Setup: Requires instance initialization before use:

lamin login
lamin init --storage ./my-data --name my-project
# Or with cloud storage:
# lamin init --storage s3://my-bucket --name my-project --db postgresql://...

Instance types: Local SQLite (development), Cloud + SQLite (small teams), Cloud + PostgreSQL (production).

Quick Start

import lamindb as ln

ln.track()  # Start lineage tracking

# Save an artifact
import pandas as pd
df = pd.DataFrame({"gene": ["TP53", "BRCA1"], "score": [0.95, 0.87]})
artifact = ln.Artifact.from_df(df, key="results/gene_scores.parquet", description="Gene importance scores")
artifact.save()
print(f"Saved: {artifact.uid}, size: {artifact.size}")

# Query artifacts
results = ln.Artifact.filter(key__startswith="results/").df()
print(f"Found {len(results)} artifacts")

ln.finish()

Core API

1. Artifacts — Data Objects

Artifacts are versioned data objects (files, DataFrames, AnnData, arrays).

import lamindb as ln
import pandas as pd
import anndata as ad

ln.track()

# From DataFrame
df = pd.DataFrame({"sample": ["A", "B"], "value": [1.5, 2.3]})
artifact = ln.Artifact.from_df(df, key="experiments/batch1.parquet").save()
print(f"ID: {artifact.uid}, Version: {artifact.version}")

# From AnnData
adata = ad.read_h5ad("counts.h5ad")
artifact = ln.Artifact.from_anndata(adata, key="scrna/batch1.h5ad", description="scRNA-seq batch 1").save()

# From file path
artifact = ln.Artifact("results/figure.png", key="figures/fig1.png").save()

# Load back
df_loaded = artifact.load()  # Returns DataFrame/AnnData/etc.
path = artifact.cache()       # Returns local file path

# Versioning
artifact_v2 = ln.Artifact.from_df(df_updated, key="experiments/batch1.parquet", revises=artifact).save()
print(f"v1: {artifact.uid}, v2: {artifact_v2.uid}")
print(f"Latest version: {artifact_v2.is_latest}")

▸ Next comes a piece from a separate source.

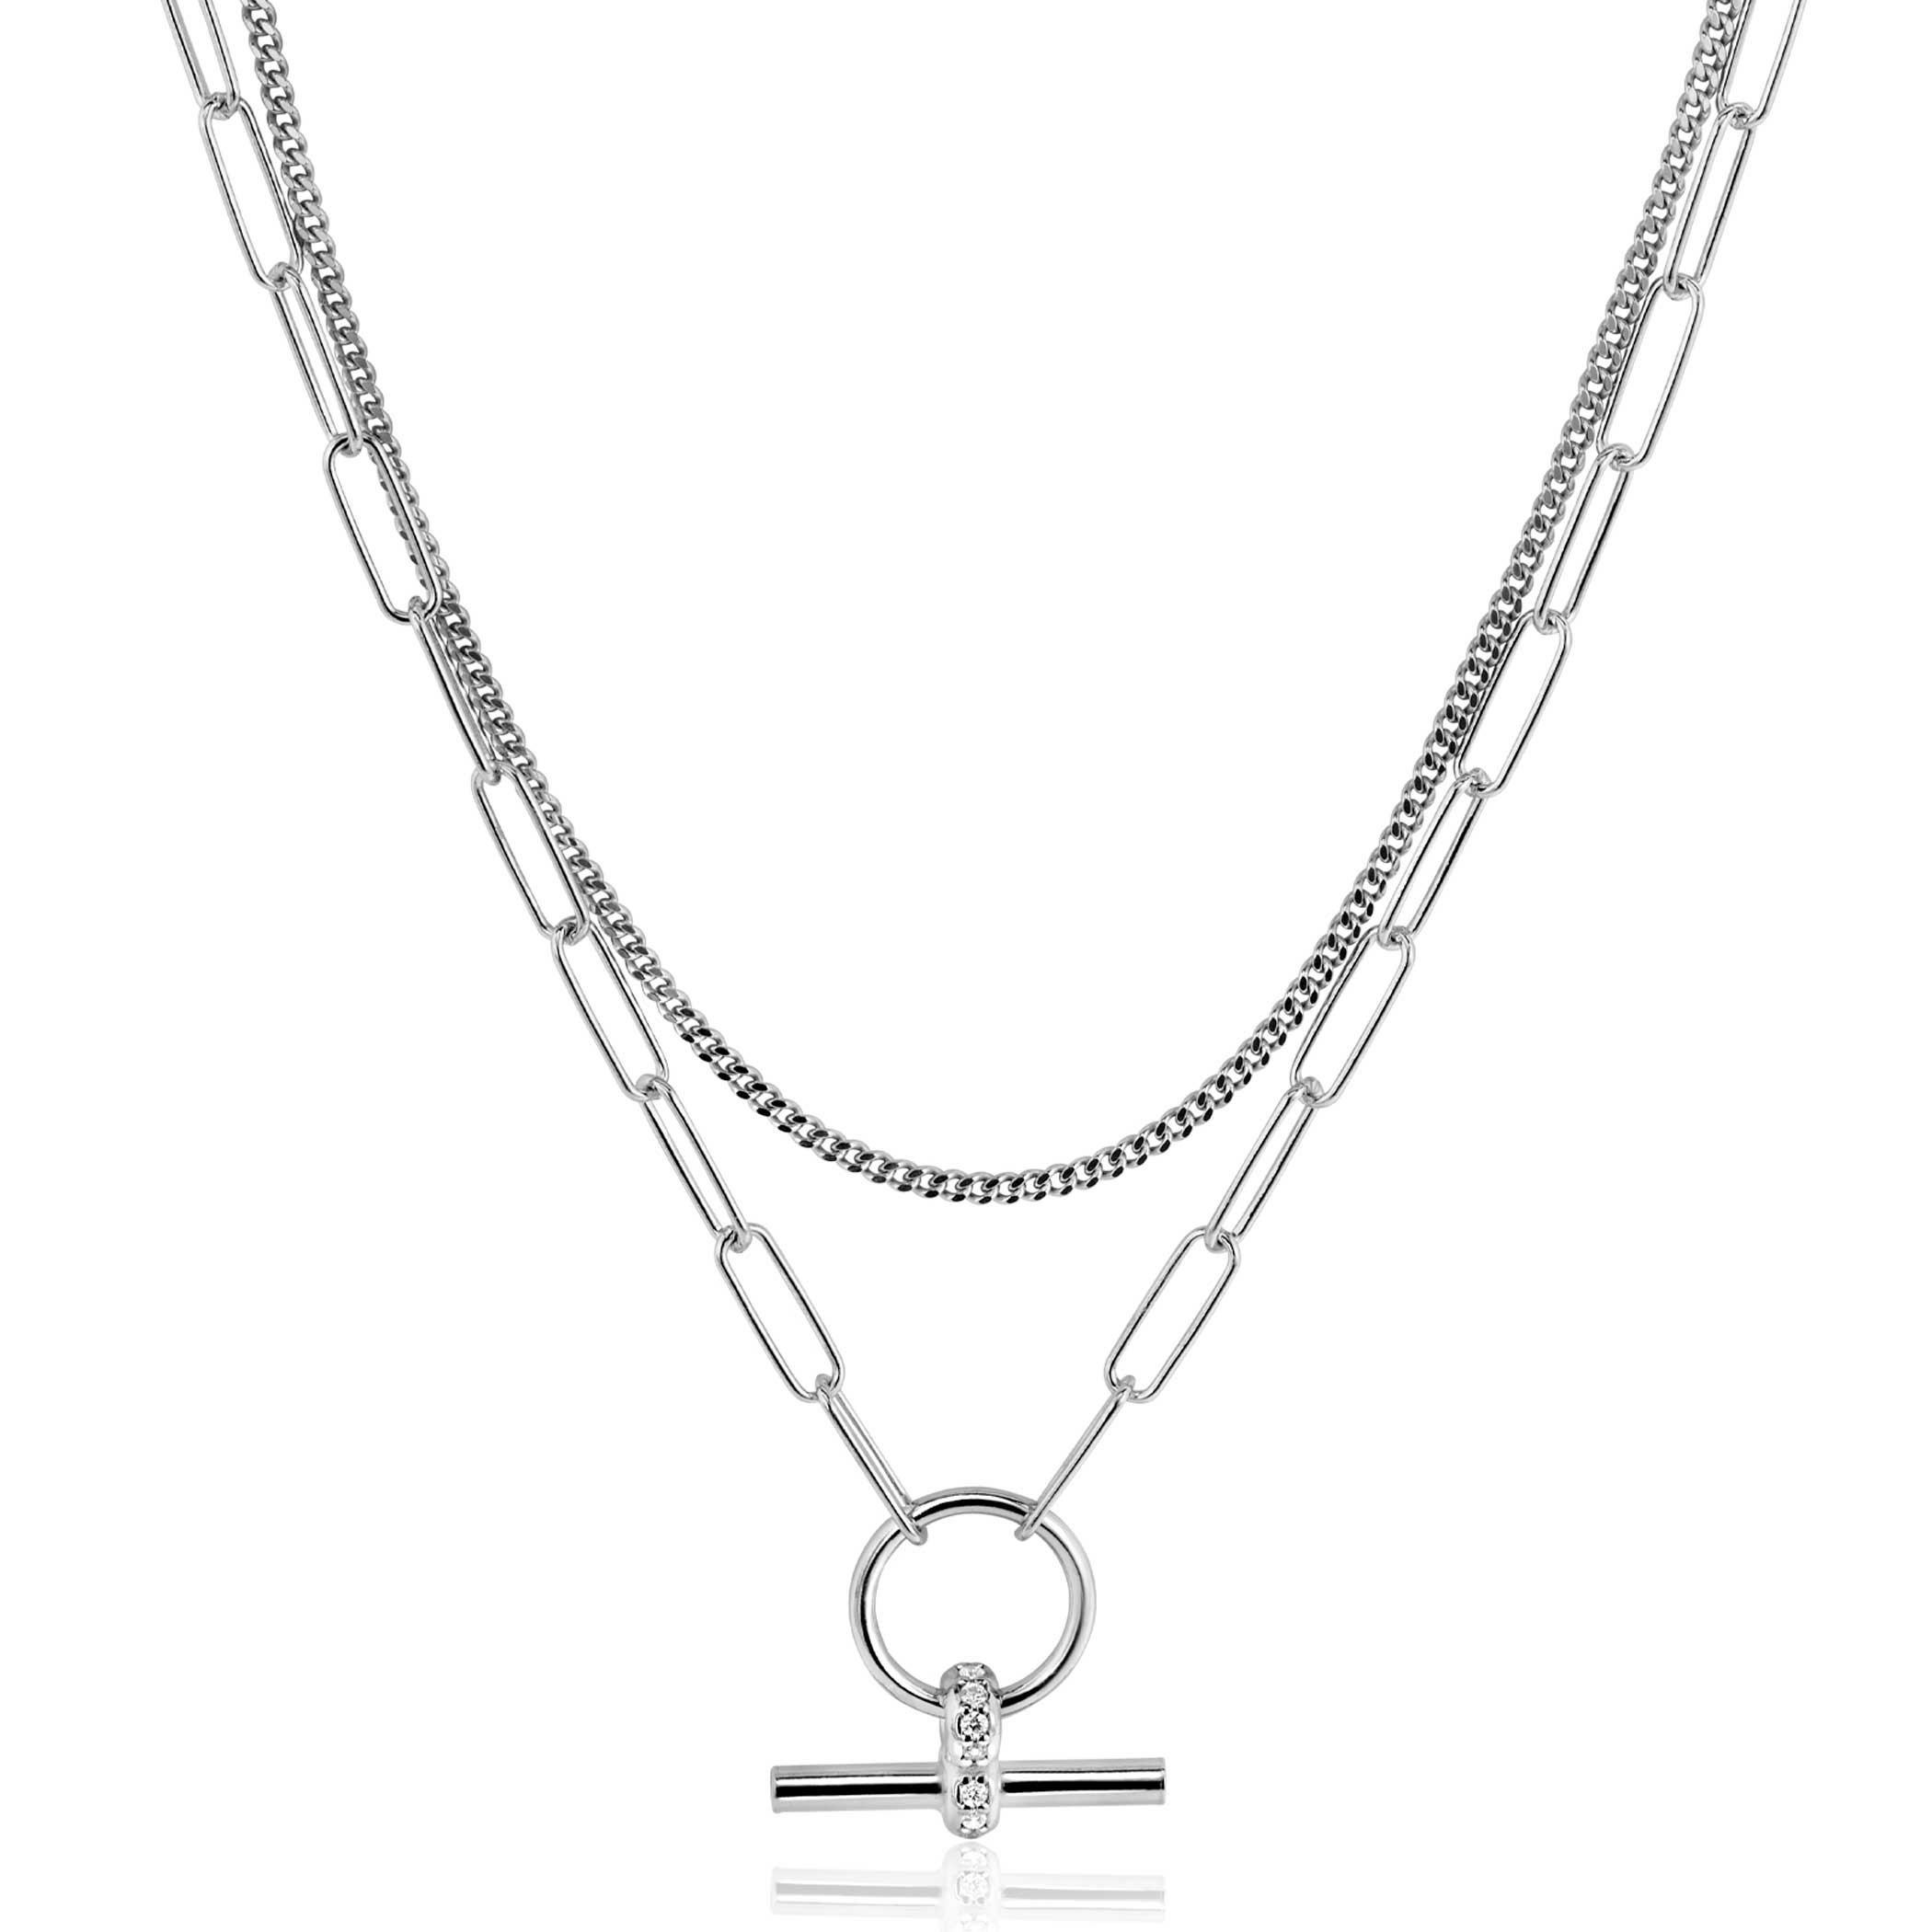 ZINZI Sterling Silver Multi-look Necklace 50cm: Combination of Curb and Paperclip Chains with Trendy T-Bar Set with White Zirconias ZIC2462

# Delete (archive first, then permanent)
artifact.delete(permanent=False)  # Archive
# artifact.delete(permanent=True)  # Permanent deletion

2. Lineage Tracking

Automatic provenance capture for reproducibility.

import lamindb as ln

# Start tracking — captures notebook/script, environment, user
ln.track(params={"method": "PCA", "n_components": 50})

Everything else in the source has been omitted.